I ran track in middle school. So did everyone else–or that’s what it seemed like. I tried just about every event, but I quickly discovered that pole-vaulting and hurdles weren’t for me. One day at practice, I made it (mostly) over one hurdle just to fall on my face after tangling myself in the next one. I could have kept at it, but the team had plenty of good hurdlers already. My coaches advised me to stick to discus, shot-put, and the 4×1. I was okay with that.

Rewriting is a bit like that second hurdle. I know the objective. I have a more focused idea for the plot–not just for this book, but for 9 other books that are related to it. (It’s kind of a lot. I’ll probably tell you more about it, some time.) I finished the opening section of scenes–roughly three chapters. And now I feel like I’ve fallen on my face.

Unlike middle school track & field, I’m the only one on this team. Except that’s a lie, because there are a lot of people who believe in me. Encouragement takes many forms. Sometimes it’s listening as I panic about the scope of a project that I ave no idea how to wrangle.

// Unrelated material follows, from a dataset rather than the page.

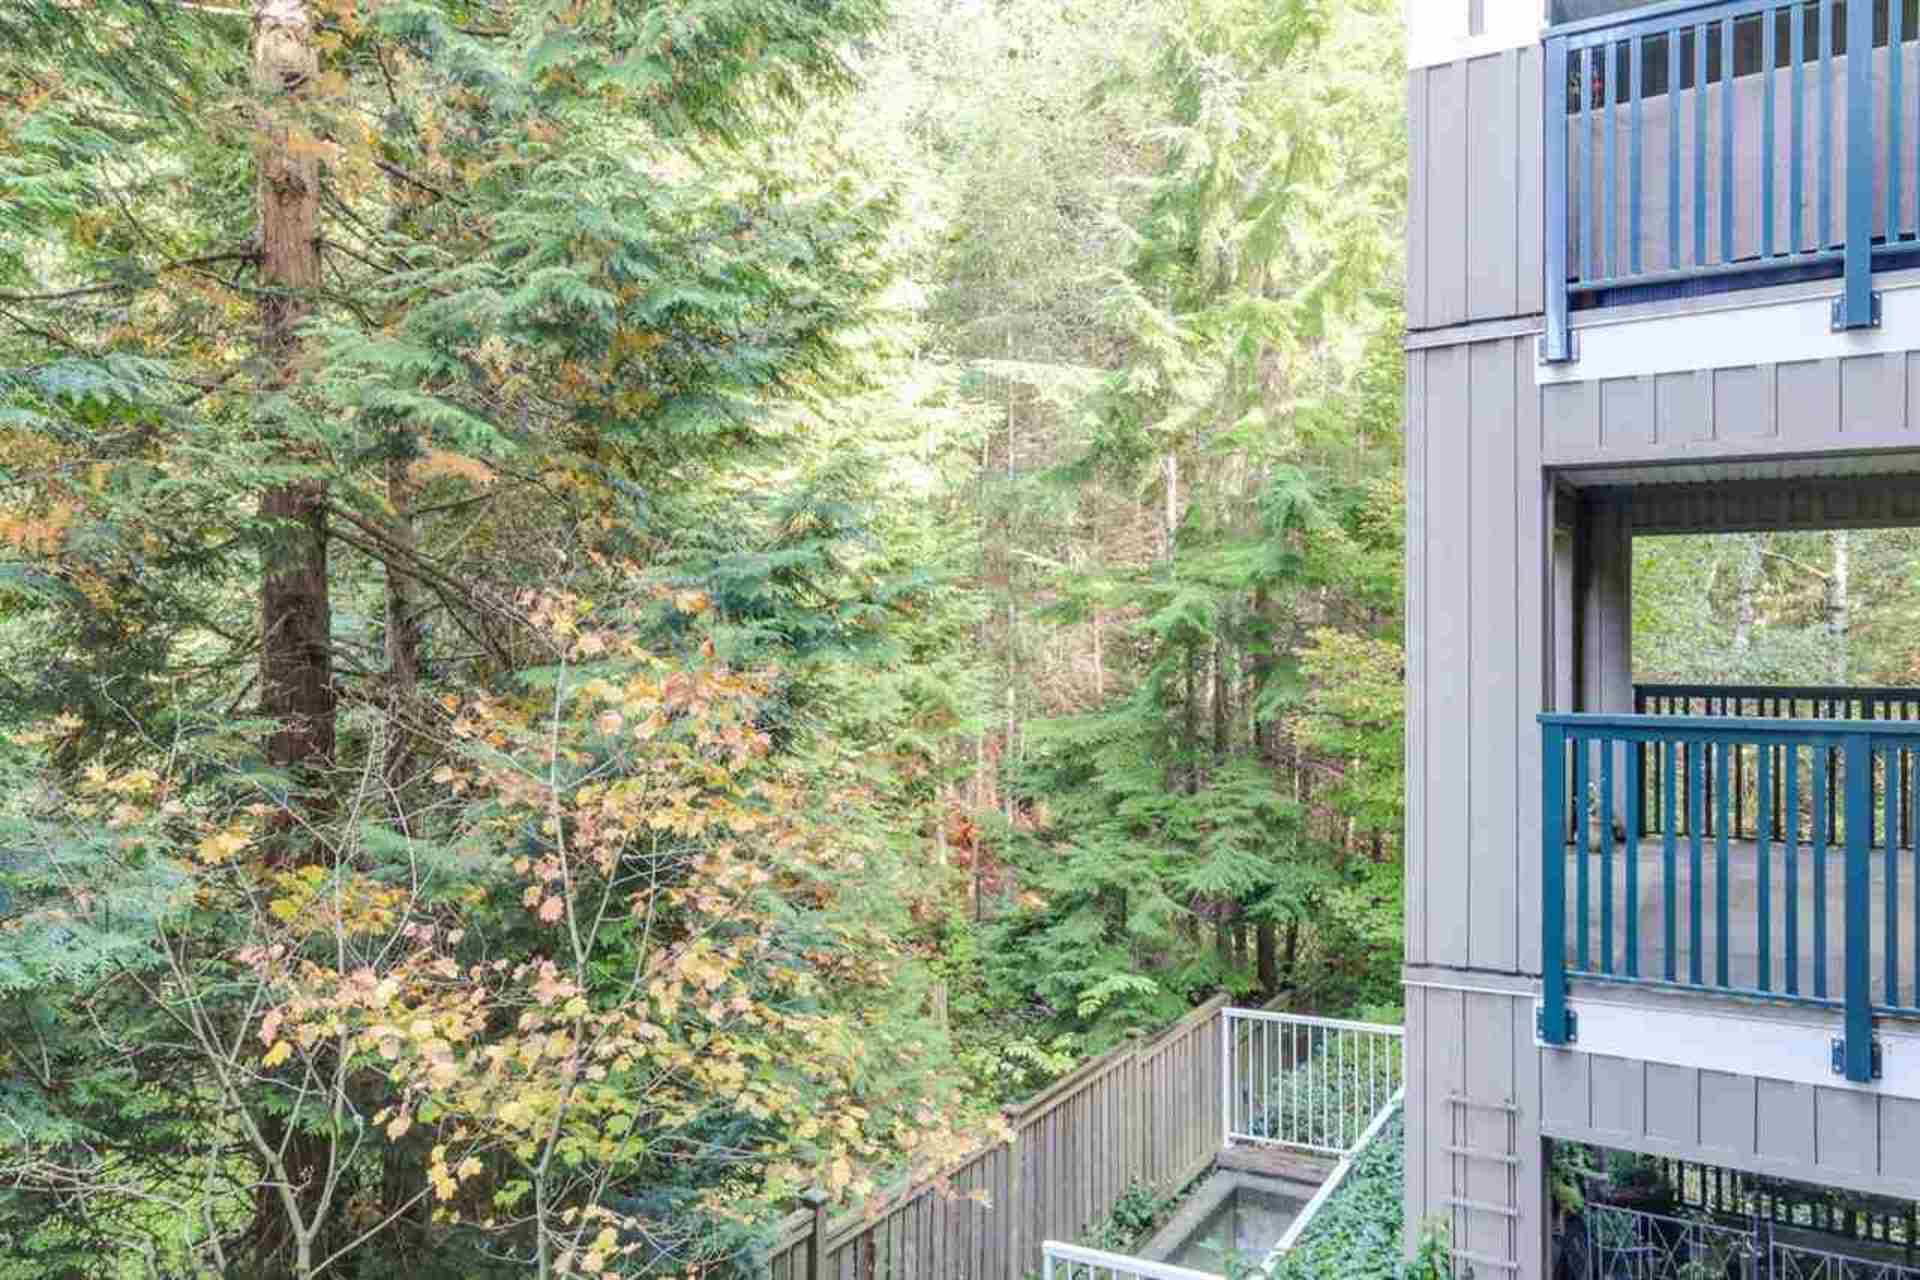 5605-hampton-place-university-vw-vancouver-west-16 at 211 - 5605 Hampton Place, University VW, Vancouver West

Other times it’s reading through and pointing out where things don’t make sense. Little things along the way help me refine my storytelling, whether that’s creating alternate universes with friends or reading through my (incomplete) collection of works by Dean Koontz and Stephen King.

I love to write for the feeling of it. There’s a rush to putting words on paper (or seeing them appear on a screen). I get excited about all the connections between characters and plot points. Usually that means I feel like I shot myself in the foot, when I recognize that I set something up without even realizing it.

The best ideas always seem to hurt (me) the most.

And I live for it.

Most of my frustration with the rewrite process comes from the fear that I won’t do my characters justice. Their stories deserve to be told. They have a right to develop their worldview, to reach their own conclusions. If you can’t tell, I don’t really consider myself the godlike executor of a story. More often than not, it feels like the characters are driving and I’m tied up in the trunk. Sometimes I’m lucky enough to be strapped to the roof, but seeing the crash that’s about to happen isn’t all it’s cracked up to be.

When I’m revising, I tend to worry that I’m getting in their way. Some people might say you can’t always trust your feelings, and other people will say to trust your heart over your head. Me? Well, I’ve taken to trusting that my characters know how their stories need to be told–and hopefully they’ll clue me in somewhere along the way.